To do
Your reply should contain nothing except the lines from the one with "λειτουργίας του Τριμελούς" through the end of the listing below, reproduced exactly and stripped of pictures.

Available data
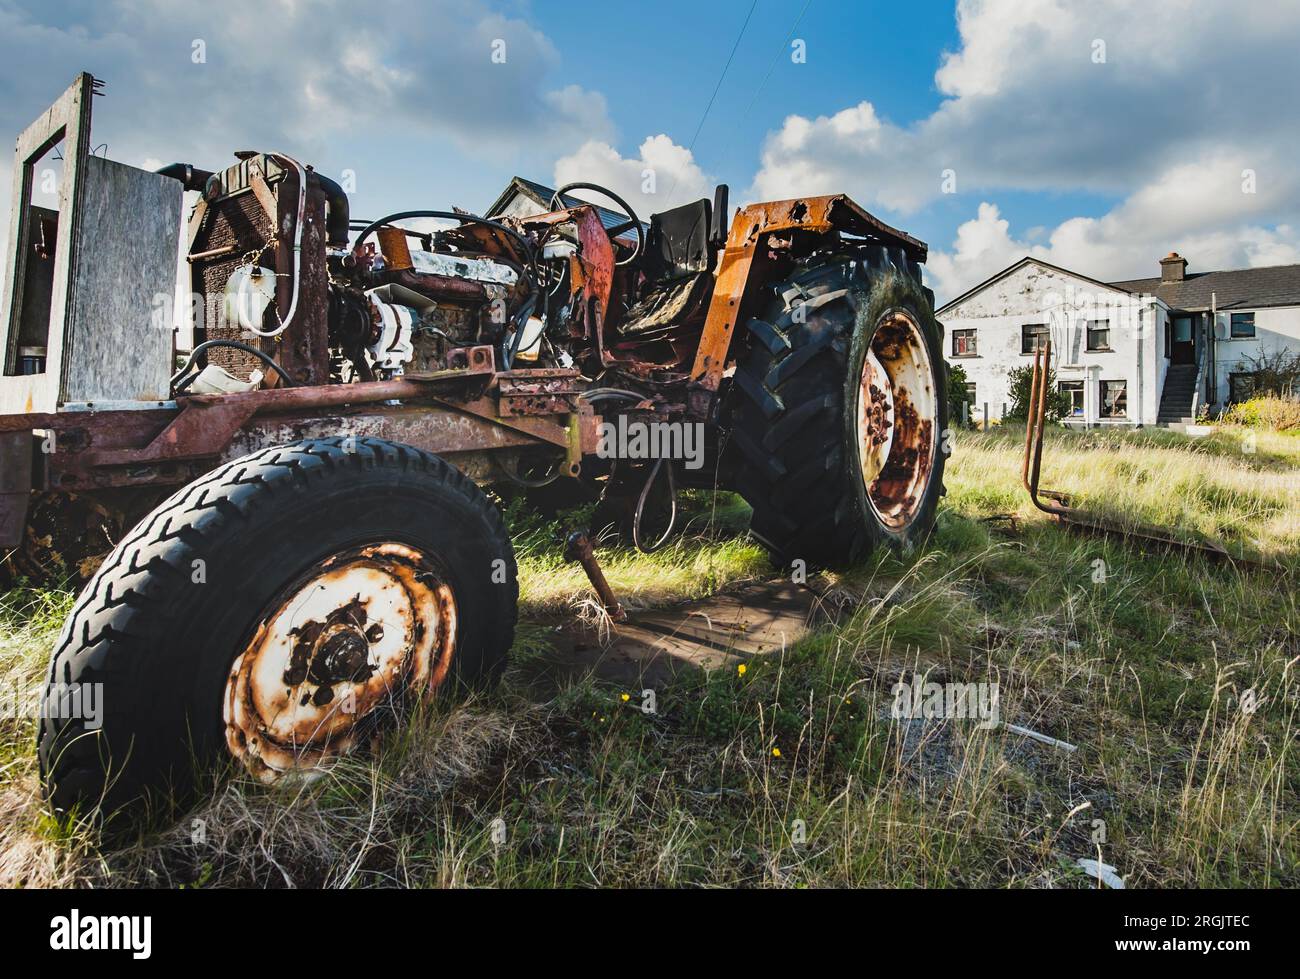 Alter Traktor mit fehlenden Karosserieteilen, da rostige Motor- und mechanische Teile sichtbar sind. Ein aufgegebenes landwirtschaftliches Fahrzeug vermittelt einen Rückgang des Anbaus Stockfoto
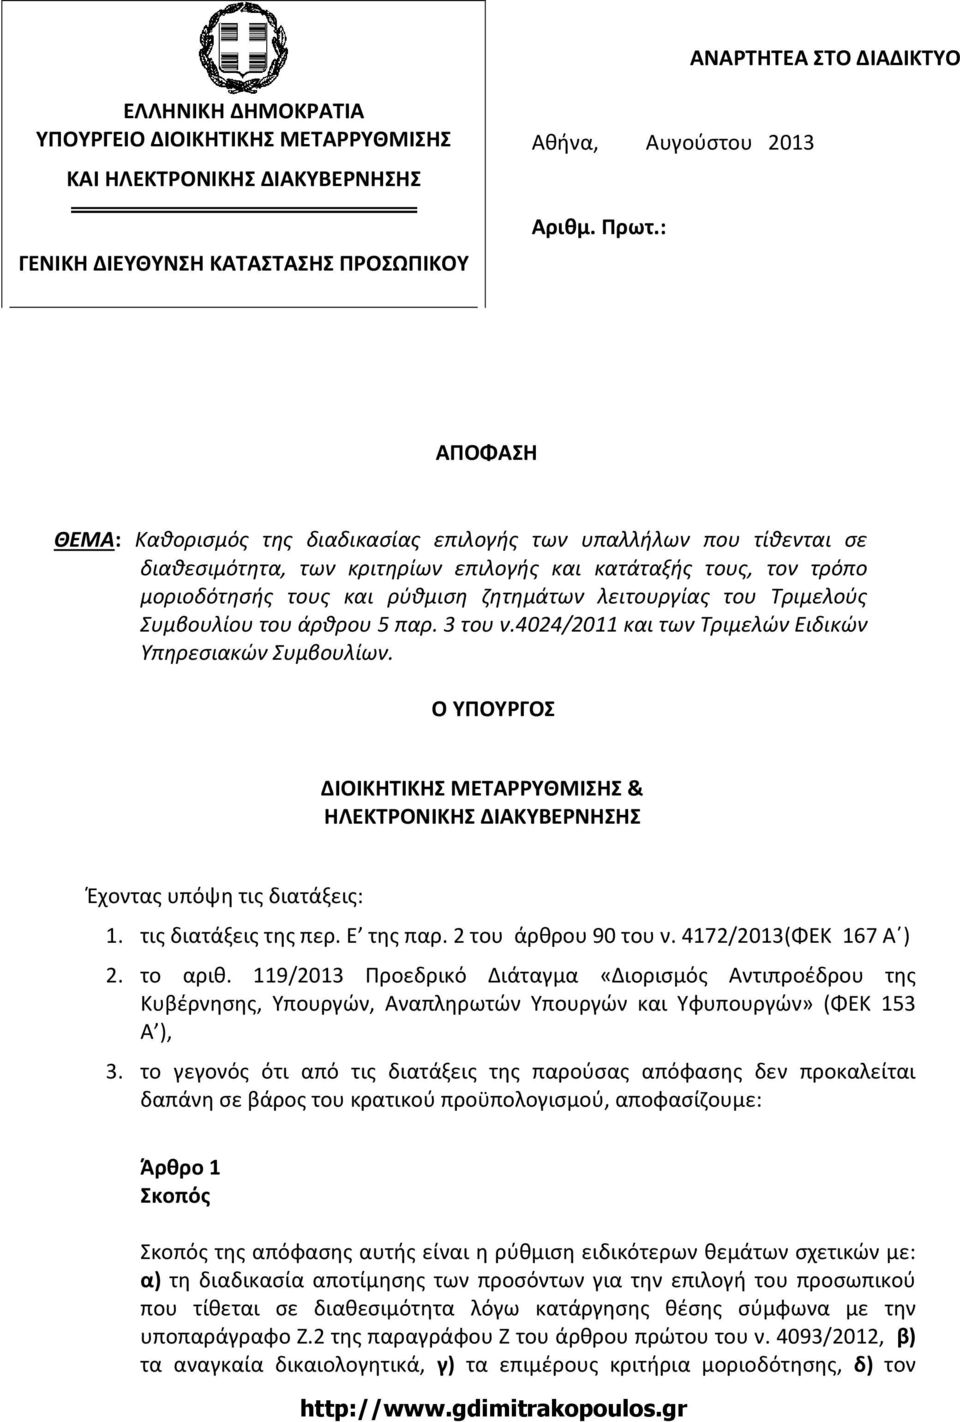 λειτουργίας του Τριμελούς Συμβουλίου του άρθρου 5 παρ. 3 του ν.4024/2011 και των Τριμελών Ειδικών Υπηρεσιακών Συμβουλίων.
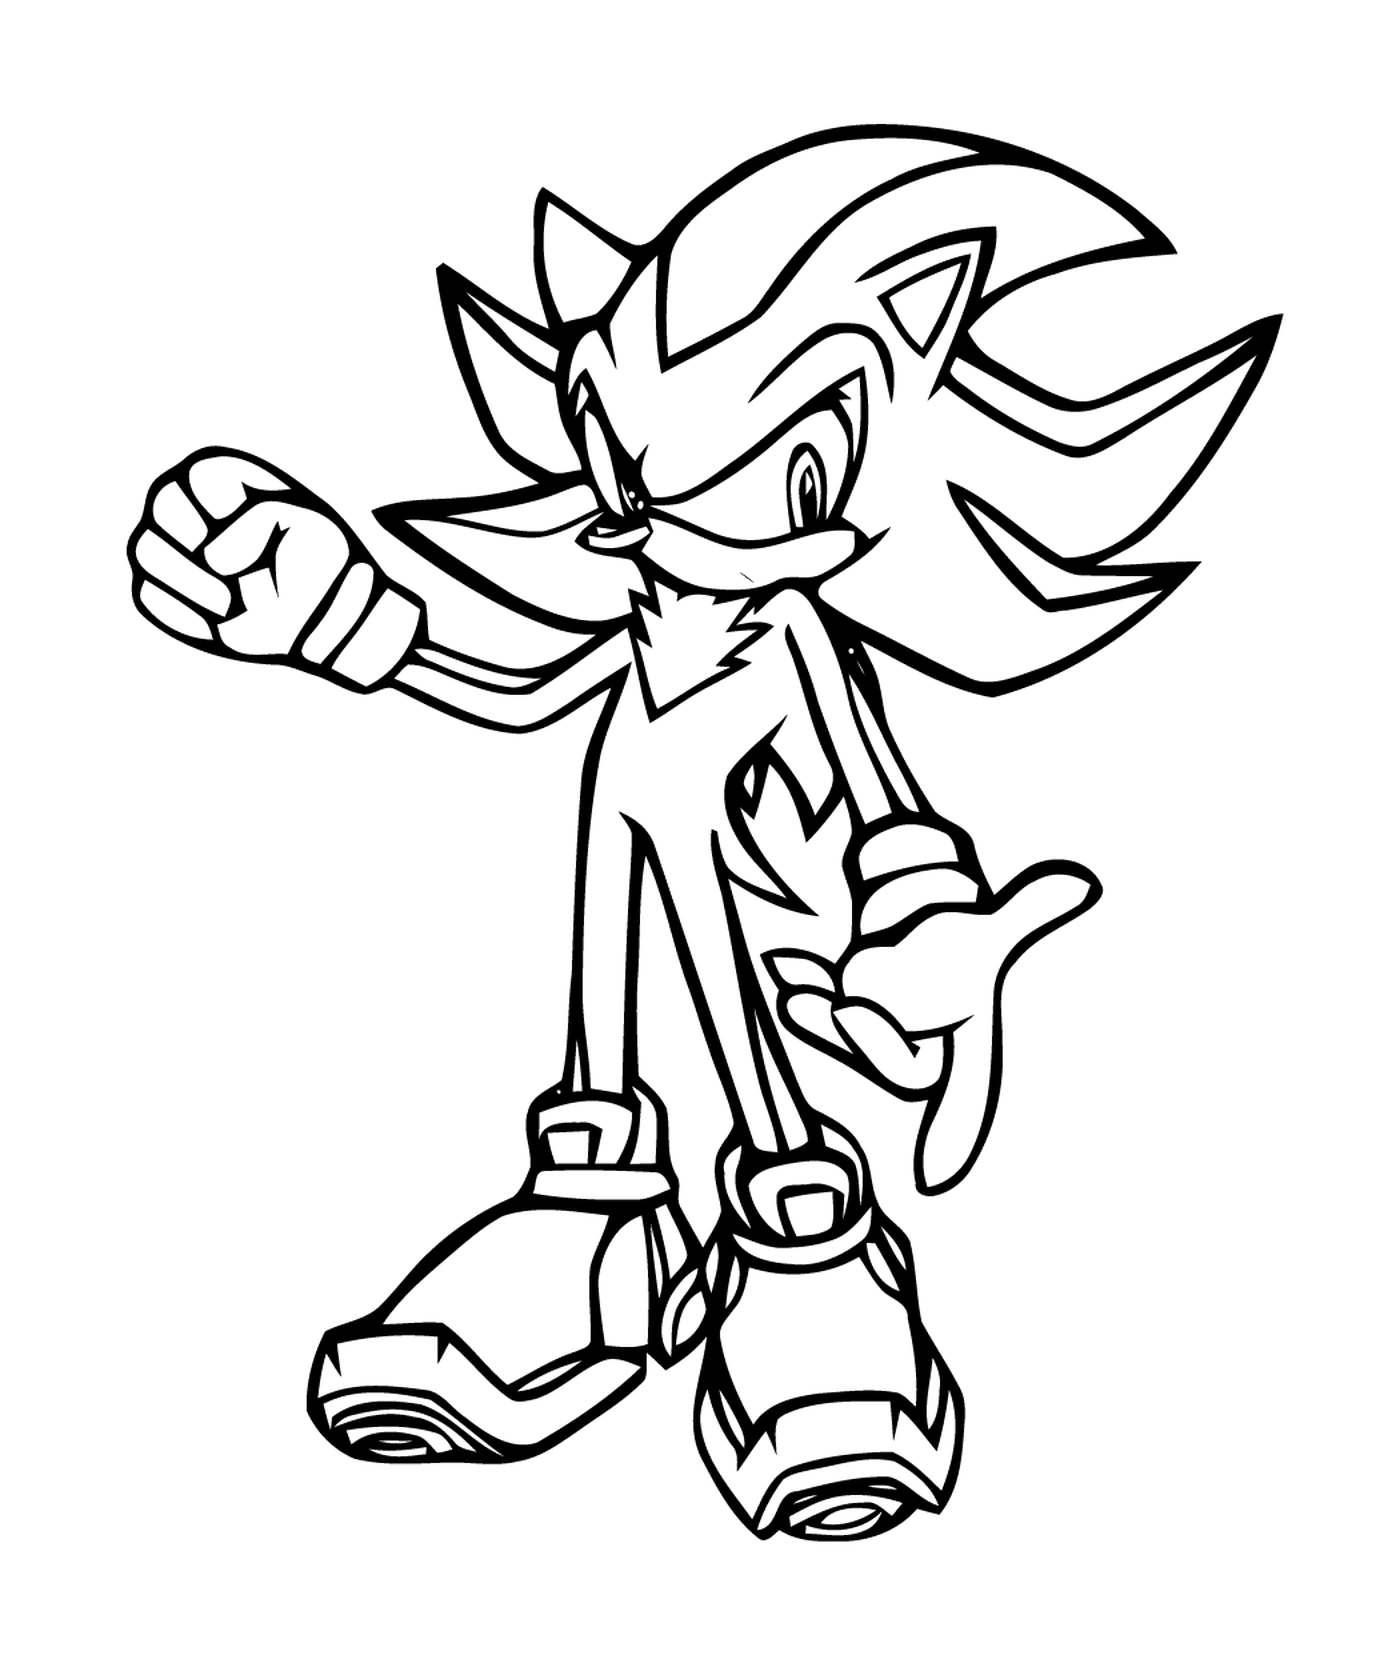  Sonic ágil e rápido 
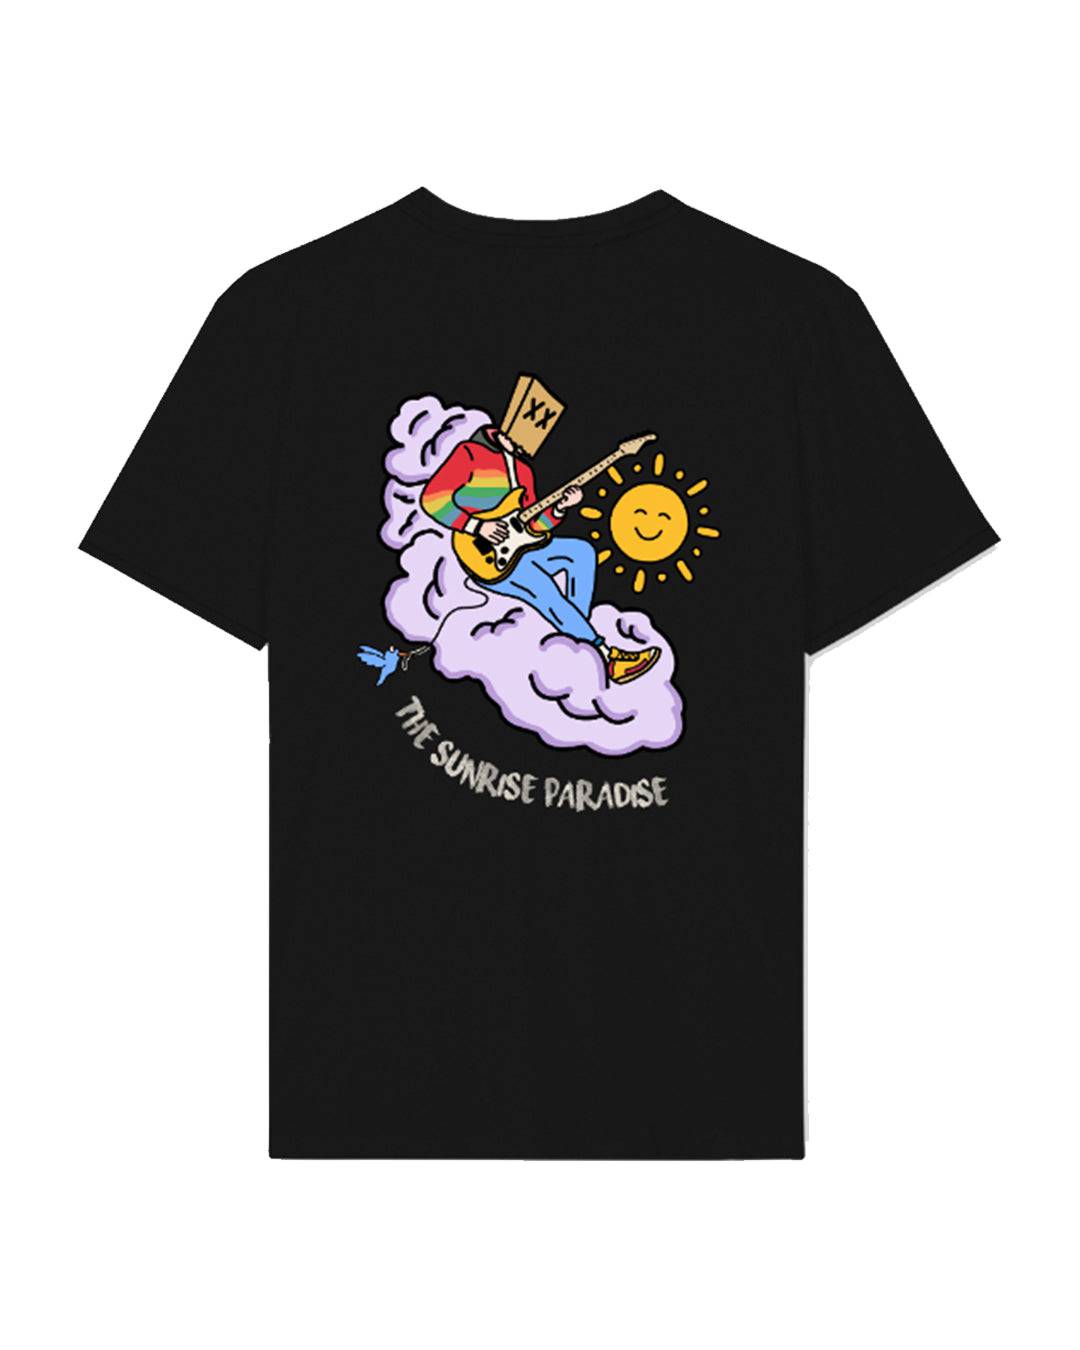 Dullboy x The Sunrise Paradise limited edition T-shirt - Dullboy

Your response
 λειτουργίας του Τριμελούς Συμβουλίου του άρθρου 5 παρ. 3 του ν.4024/2011 και των Τριμελών Ειδικών Υπηρεσιακών Συμβουλίων.
  Sonic ágil e rápido 
 Dullboy x The Sunrise Paradise limited edition T-shirt - Dullboy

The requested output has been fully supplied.